George was not feeling turned on. At least, that’s what he was trying to tell himself. This caning was righteous and deserved. No, he wasn’t turned on, but the sadist in him couldn’t deny that he was enjoying inflicting pain.
Stroke six whipped down, causing the vicar to buck and groan. George threw the cane down. It was over.
“I think that’s sufficient, vicar. I’m not a cruel man. You took that well, there will be drinks on the house the next time you call in.”
“Thank you, George,” said the vicar as he got up and buckled his slacks. He rubbed his bottom, just like a naughty schoolboy. “I hope you will let me know if Elizabeth sins again.”

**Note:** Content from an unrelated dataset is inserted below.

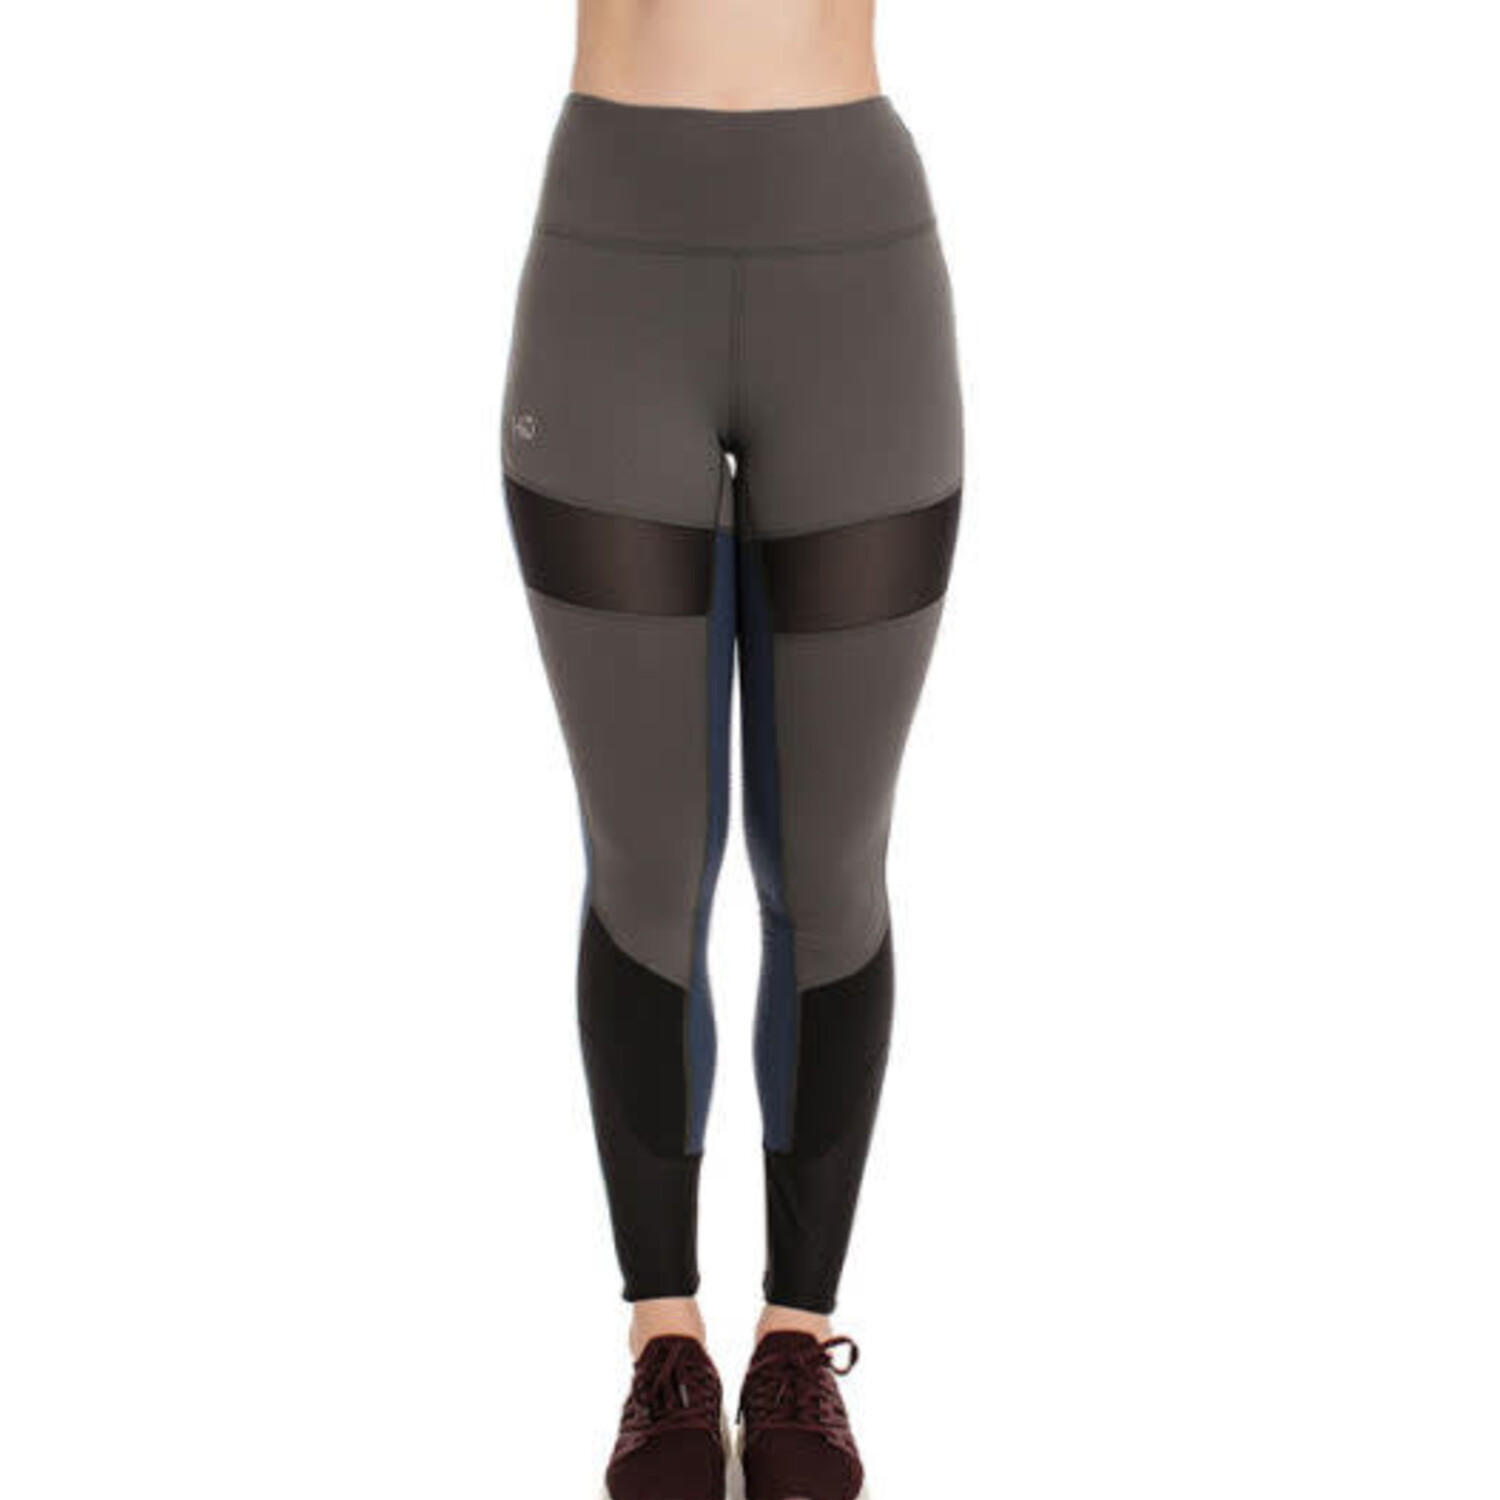 KYLIE - RIDING LEGGINGS  BLACK ''SILVER'' FULL SEAT SILICONE

“Why yes, of course, vicar,” George said, somewhat surprised at developments. Was the vicar asking for another caning, sometime in the future? Surely not?
Elizabeth too was mystified. She planted a gentle kiss on the vicar’s lips, and he left the bedroom with a cheeky smirk on his face. George and Elizabeth smiled at each other.
“I rather think you should give me a caning anyway, George,” said Elizabeth as she mounted the pillows on the bed again. “And then I can cane you too, if you like.”
George grunted his agreement, belched and slashed the cane down on Elizabeth’s naked and youthful cheeks. She gasped and immediately thrust her bottom up, ready for the next stinging stroke. What an afternoon this was shaping up to be!